§ DATA SEGMENT

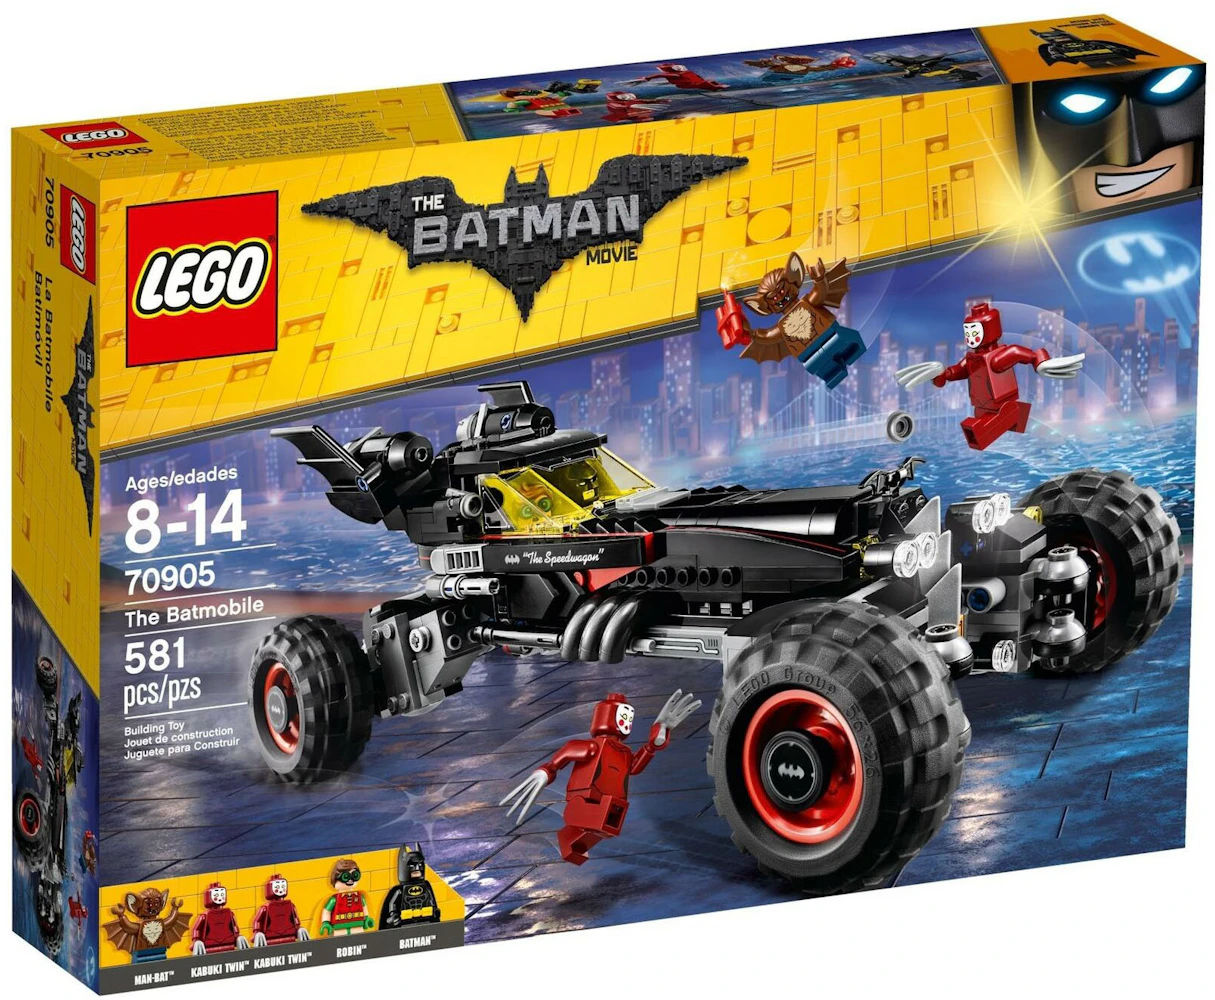 https://images.stockx.com/images/LEGO-The-LEGO-Batman-Movie-The-Batmobile-Set-70905-V4.jpg?fit=fill&bg=FFFFFF&w=700&h=500&fm=webp&auto=compress&q=90&dpr=2&trim=color&updated_at=1643665528
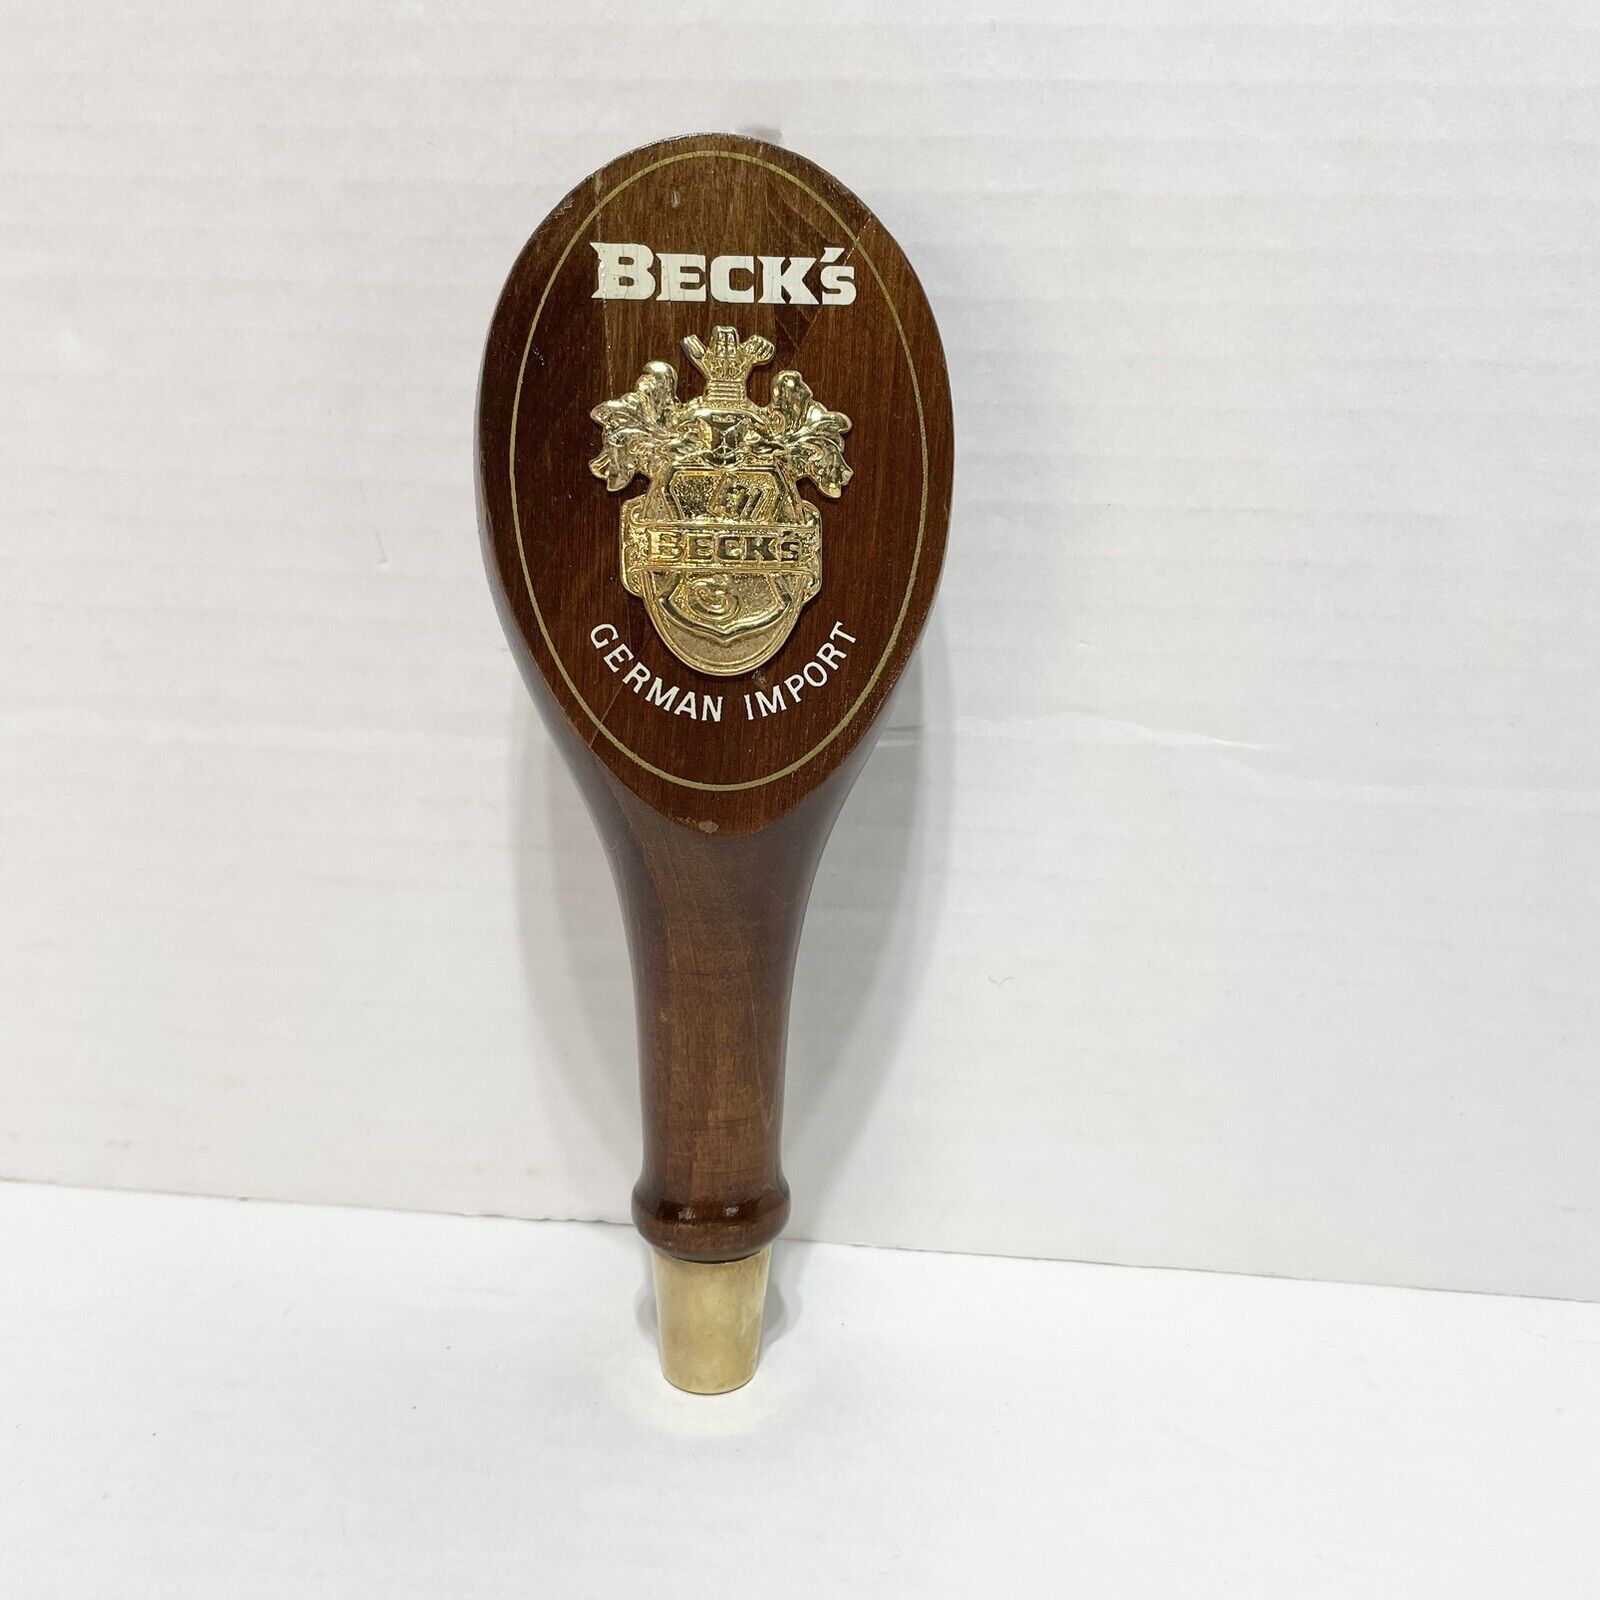 Vintage Beck’s Beer Handle Tap, Wood, Gold, German Import, 
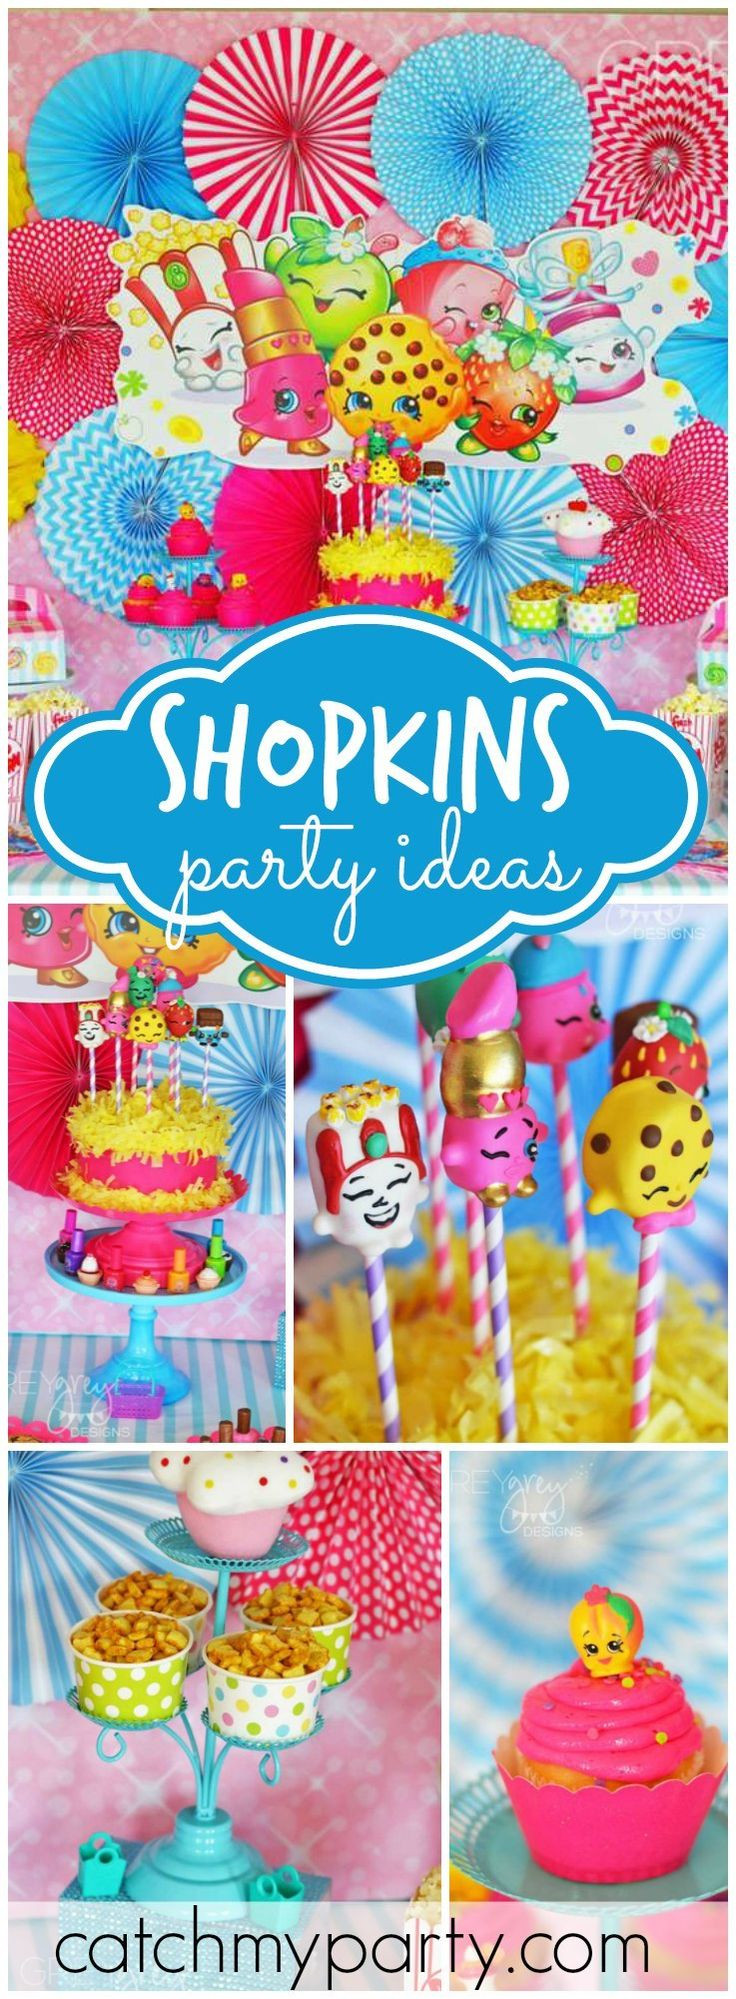 Shopkins Pool Party Ideas
 170 best Shopkins Party Ideas images on Pinterest

§ TASK DIRECTIONS
Starting at the line that contains "Shopkins Pool Party Ideas" and ending with the last line of the data, transcribe every line exactly; skip the pictures.

§ WORKED SOLUTION
 Shopkins Pool Party Ideas
 170 best Shopkins Party Ideas images on Pinterest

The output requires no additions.